Butler afirma que el discurso, por el cual los oponentes a los “derechos gays” articulan su retórica, lleva implícita una lógica discursiva objetiva, en tanto en cuanto, admitir que, por ejemplo, un homosexual pueda tener cabida en el reino de lo universal, puede que deshaga lo humano, al menos en su forma actual. Implica una destrucción absoluta de lo considerado, hasta ese momento, como objetivamente humano. La oposición a la universalización se basa, pues, en un miedo explícito a la integración de lo considerado como abyecto, depravado e inmoral en el orden social y discursivo operante. Es así como Butler llega a afirmar que los procesos de universalización funcionan como activos soportes de los otros procesos de “cambio discursivo”, al ser los principales agentes del derribo de los marcos hegemónicos; desarticuladores de los consensos sociodiscursivos imperantes y refundadores de nuevos marcos consensuados.
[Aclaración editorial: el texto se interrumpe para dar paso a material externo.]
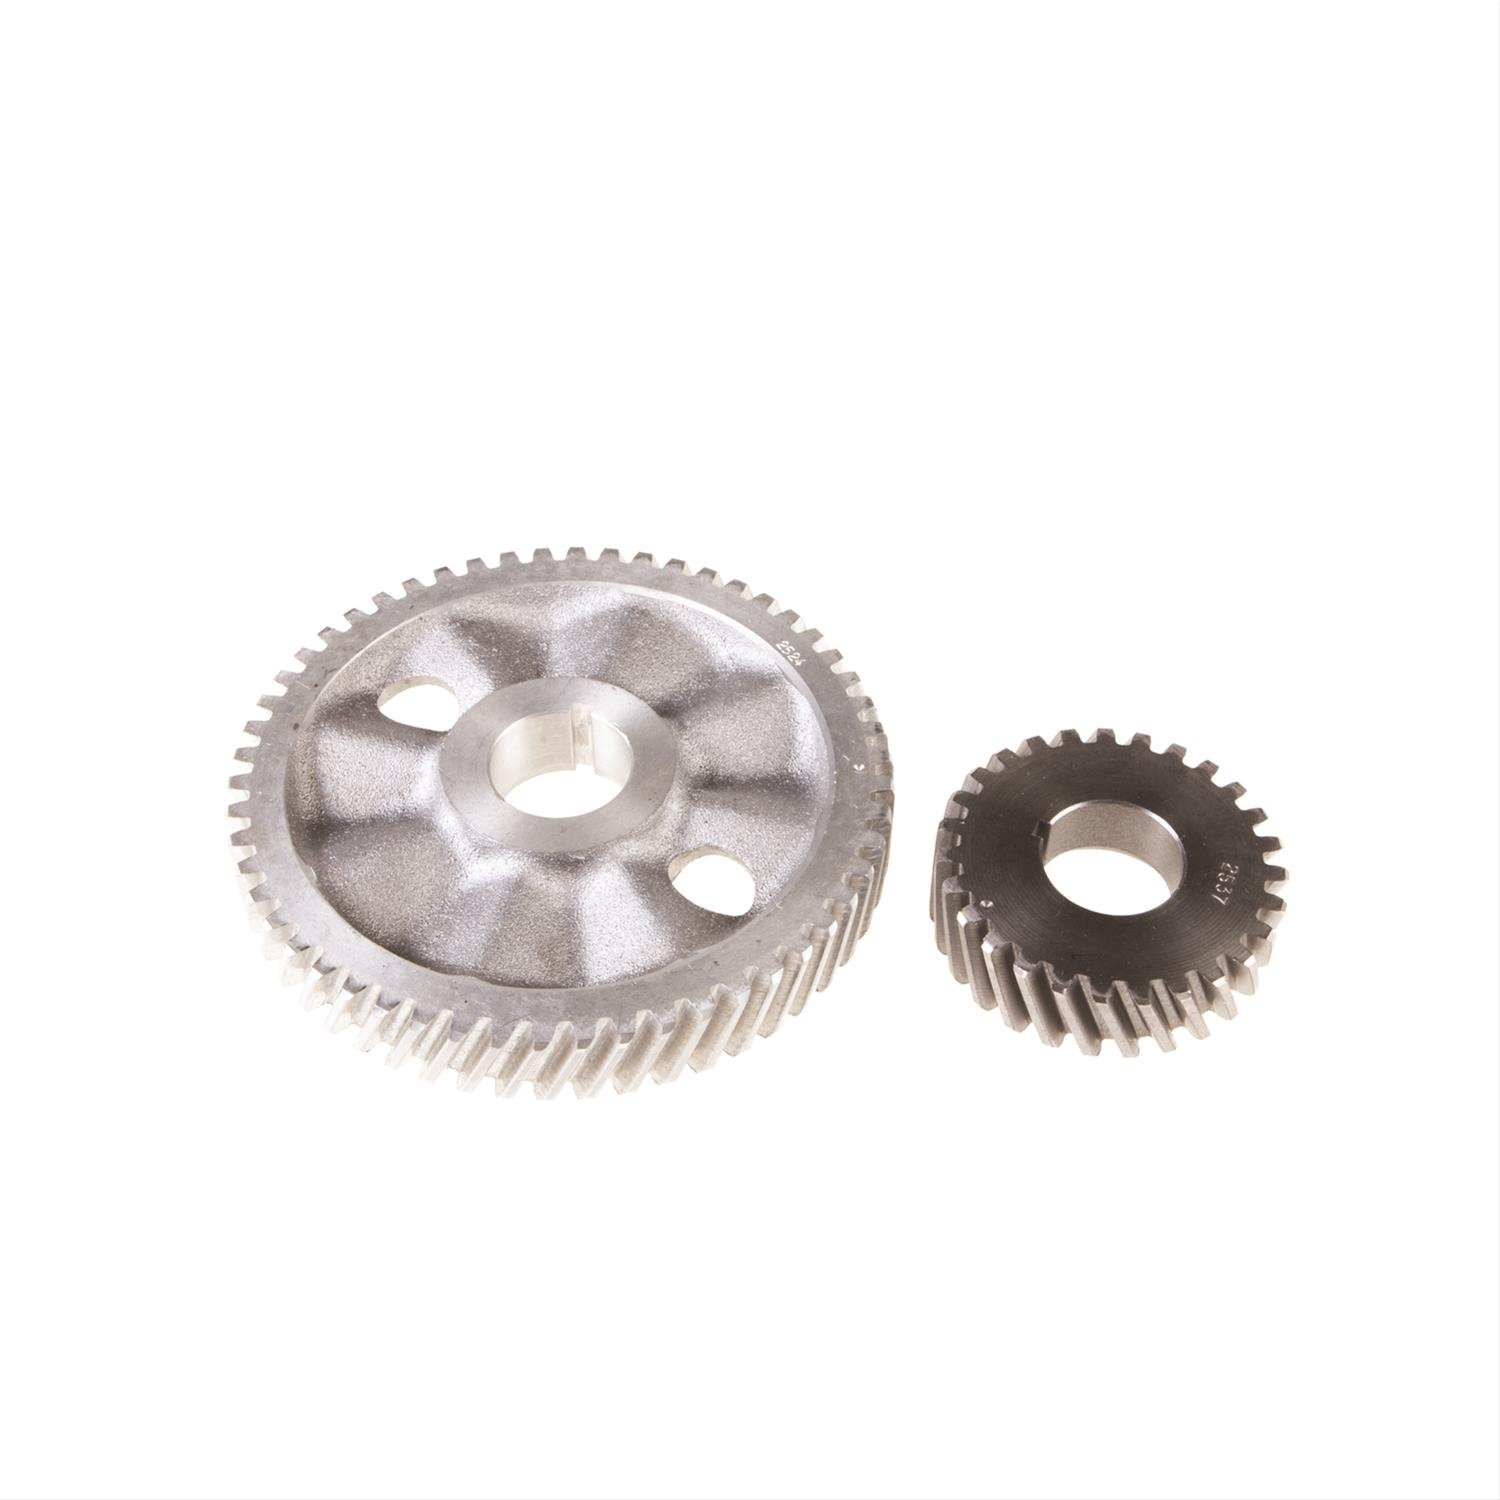 2538S Stock Replacement Gear Set

Y es aquí donde los teóricos postmodernos otorgan un valor claramente relativo a “lo universal”, al presentárnoslo como un marco abierto, no-restrictivo y en constante proceso de adaptación y rearticulación metanarrativa [discursiva]. Cuando invocamos la universalidad para el excluido [ya sea por motivos de raza, credo, orientación sexual…], lo que estamos haciendo es pronunciar un contra-discurso a través del discurso que en esos momento se halla vigente; supone hacer explícito el carácter no-definitivo de “lo universal” y la necesidad de ampliar los márgenes del mismo más allá de los límites contingentes establecidos por el consenso limitador, restrictivo y despótico de unos [los que ostentan el poder de facto] sobre los otros [los excluidos del sistema sociodiscursivo].